They do -- but they will need a proper lubricant, and it will
need to be applied frequently. And again -- do they have a long enough
thread?

Looking at MSC's web site, the first 0-80 tap which I find is a
gun tap (spiral point) (the right choice for power tapping), with TiN
coating (better/smoother chip flow), and it says thread length 5/16" --
in other words half of what you say you want.

And the first thread-forming tap which I find in that size has
an *overall* length of 1-5/8", with the illustration suggesting that at
most 1/3 of that length is threading (about 1/2"), but there is a
reduced diameter section which may allow you to tap as far as you need.

If I stick with cutting taps what tap qualities should I be looking
for in miniature taps for soft metals? (ie Coating, material, tap
style, manufacturer, etc)

Call a the help line at good manufacturer (e.g. Cleveland or
Greenfield Tap & Die), and ask for their suggestions. Note that we are
talking a bit over $25.00 per tap -- until you get enough to start
getting a quantity discount.

But really, consider drilling and taping from each end so you
don't need such extreme cutting conditions.

Good Luck,
DoN.

--
Email: | Voice (all times): (703) 938-4564
(too) near Washington D.C. | http://www.d-and-d.com/dnichols/DoN.html
--- Black Holes are where God is dividing by zero ---

On 2009-11-30, Bud wrote:
I need very little holding power and the machine screws I'm using are
0-80 X 1/8". Since the length is 2X the diameter I might try going
from a 3/64 pilot bit to a #54. That would still give me about 50%
thread contact.

So you *can* tap separately from each end, instead of needing a
single continuous thread all the way through. As you wrote the original
question, it sounded as though the thread had to continue all the way
through, which caused me to ask questions in my previous answer (which
you have not yet had time to see, since I just sent it. :-)

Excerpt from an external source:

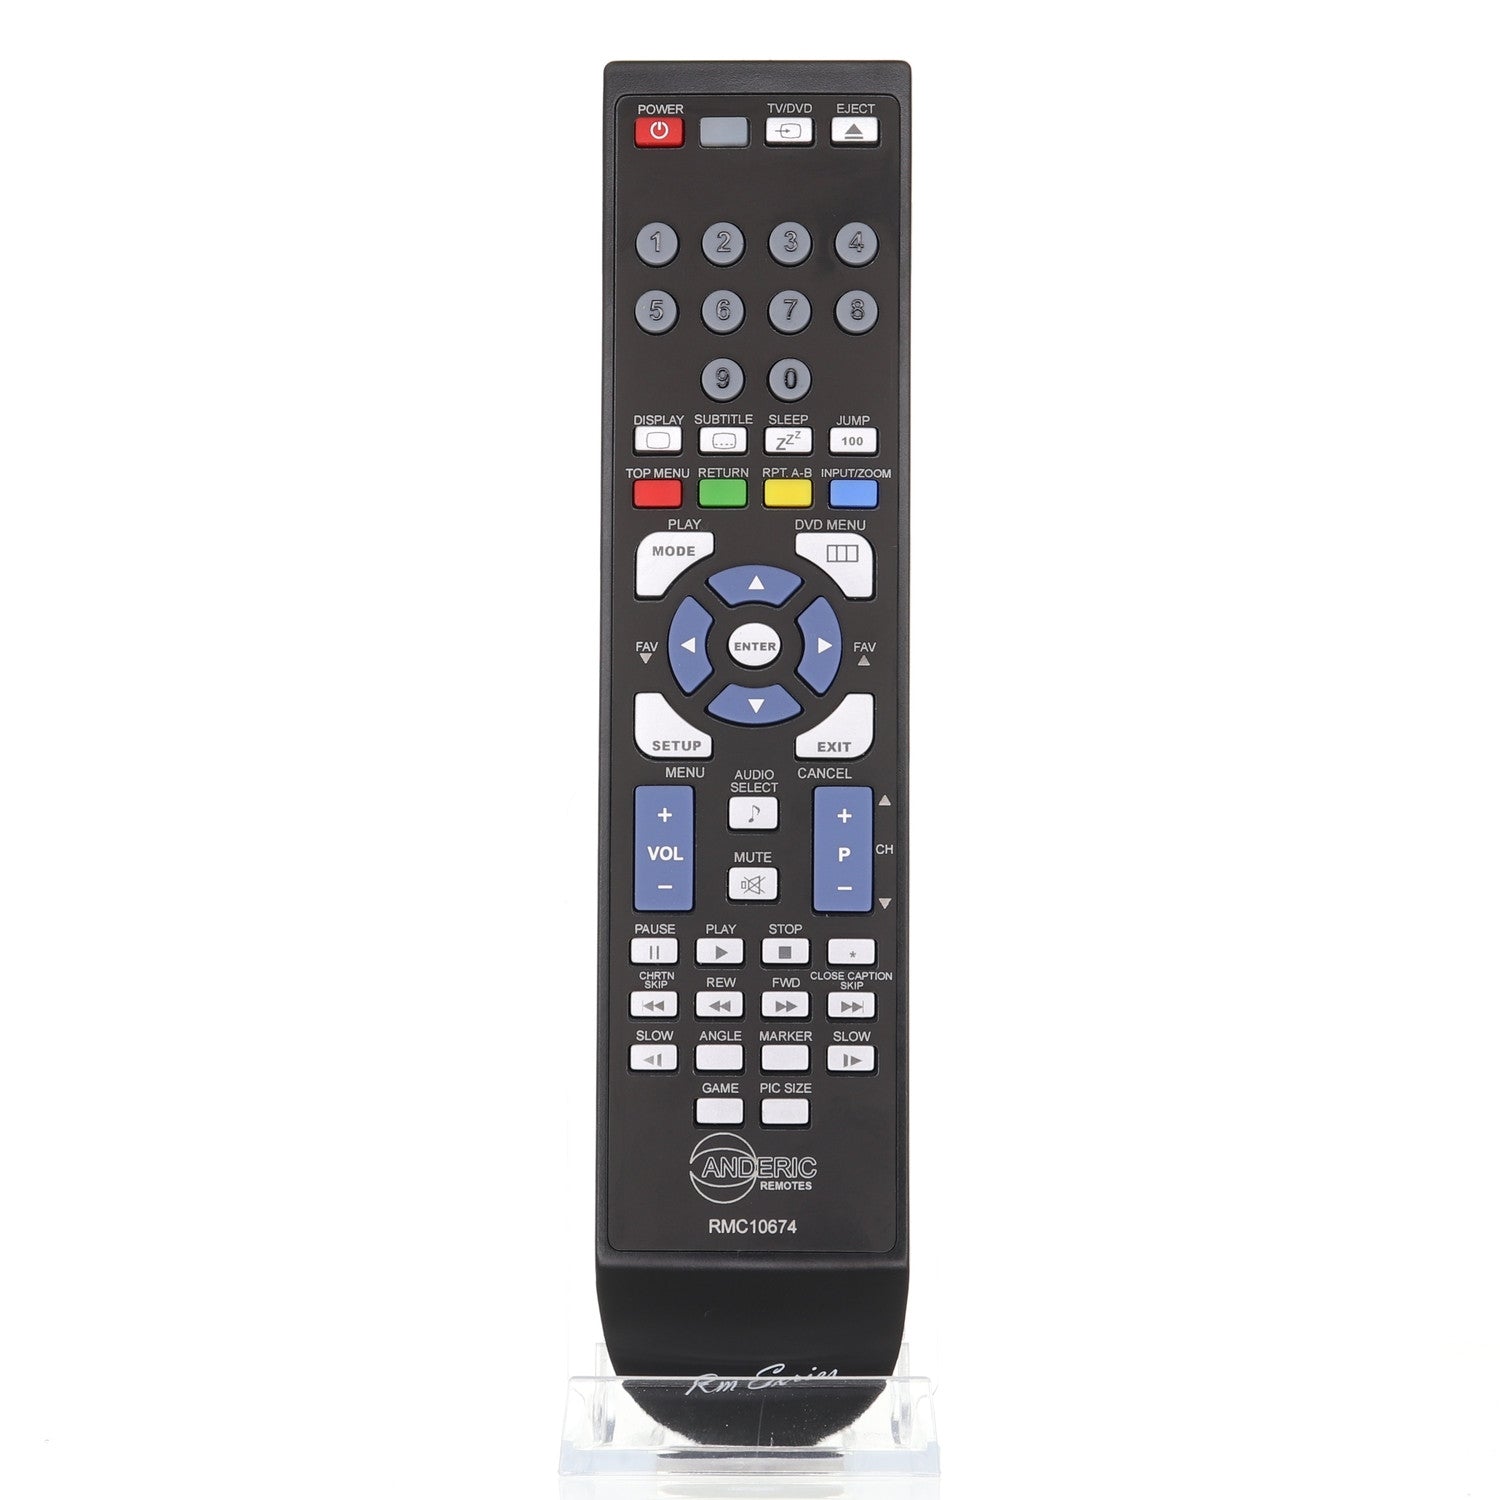 RMC10674 Remote Control for Toshiba® TV with built-in DVD Players

I also read the spiral taps aren't the best if you have to back out
before the tip ejects the chips. I can't go thru hole with the tap
since it's effective cutting length is 5/16" and my part is 5/8".

If the *hole* goes all the way through, and you apply compressed
air to blow through the chips before starting to tap the second end, I
think that you should be fine. It is in shallow *blind* holes that the
spiral point taps run into problems.

Good Luck,
DoN.

--
Email: | Voice (all times): (703) 938-4564
(too) near Washington D.C. | http://www.d-and-d.com/dnichols/DoN.html
--- Black Holes are where God is dividing by zero ---

Thanks for all the suggestions!!

I'm drilling all the way through since one end of the spacer has a
well formed concave dimple which makes a perfect starting point for
the drill bit. (the other end does not) The vertical slit in my drill
press vise hold these spacers very well:

[IMG]http://i530.photobucket.com/albums/dd350/davefr_98/
geartrainrepair005.jpg[/IMG]

However I'm taping from each end since the cutting end of the tap
isn't quite long enough:

[IMG]http://i530.photobucket.com/albums/dd350/davefr_98/
geartrainrepair006.jpg[/IMG]

I only care about enough thread on each end to accomodate 1/8" machine
screws. I'm not sure my spiral point tap get an opportunity to eject
chips into the remaining hole before I have to reverse direction. (I
think tap stress and chip fragments causes the tap to break).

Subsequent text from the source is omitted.